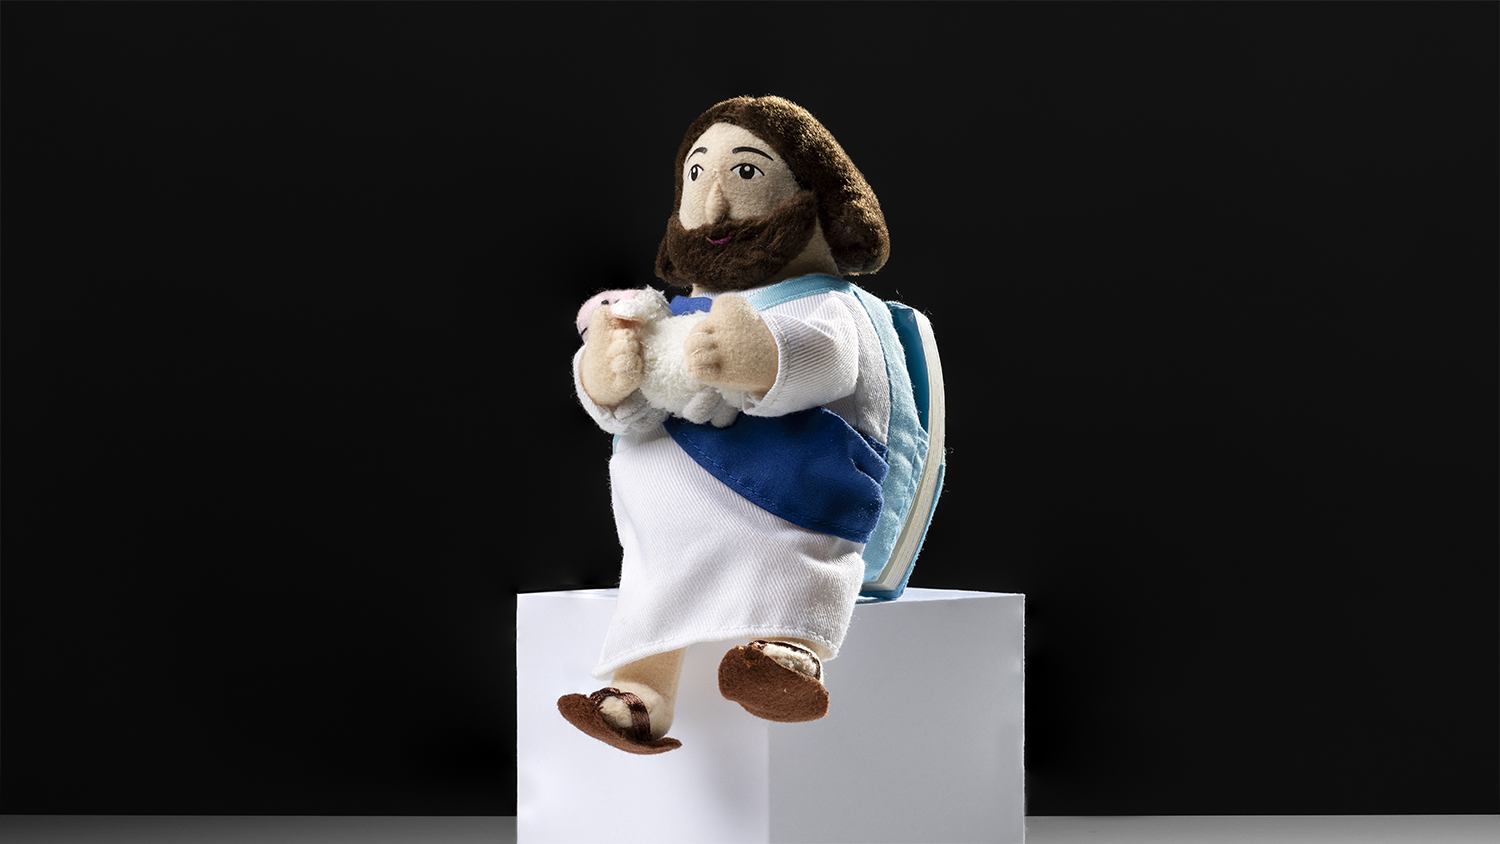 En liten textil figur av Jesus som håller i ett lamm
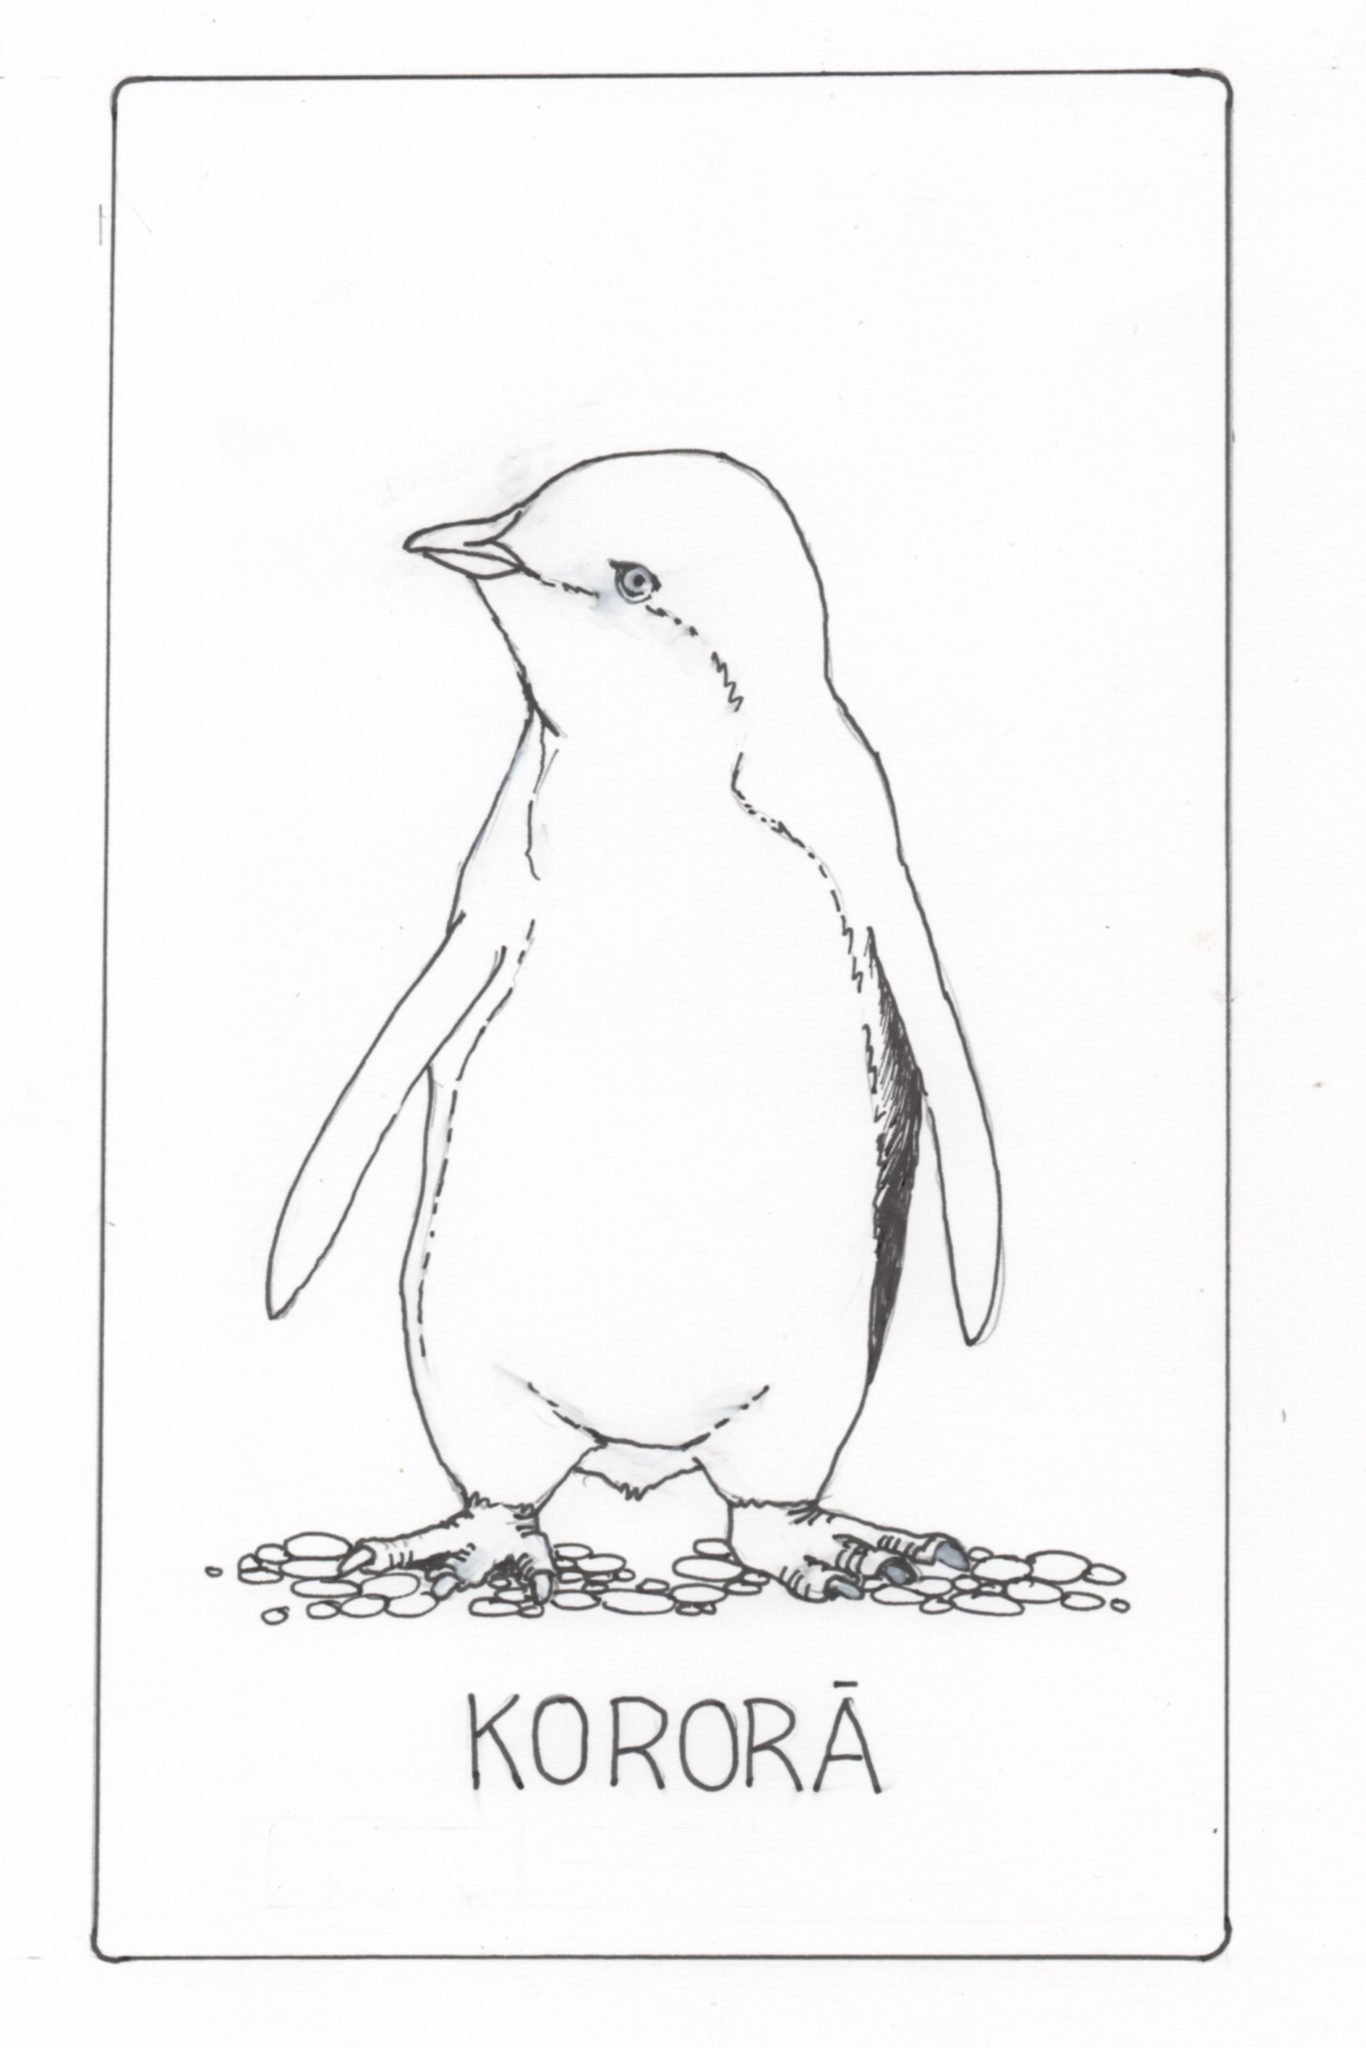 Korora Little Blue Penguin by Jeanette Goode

...

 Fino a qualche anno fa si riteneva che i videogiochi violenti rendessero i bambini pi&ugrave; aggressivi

* * *

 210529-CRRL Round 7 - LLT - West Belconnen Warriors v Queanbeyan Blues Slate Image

* **How to complete this task**
Pictures are to be left out. Write out only the lines above starting at the one with "En liten textil" and ending at the one with "Korora Little Blue Penguin by Jeanette Goode", both lines included, exactly.

* **Response to this exercise**
 En liten textil figur av Jesus som håller i ett lamm
 Korora Little Blue Penguin by Jeanette Goode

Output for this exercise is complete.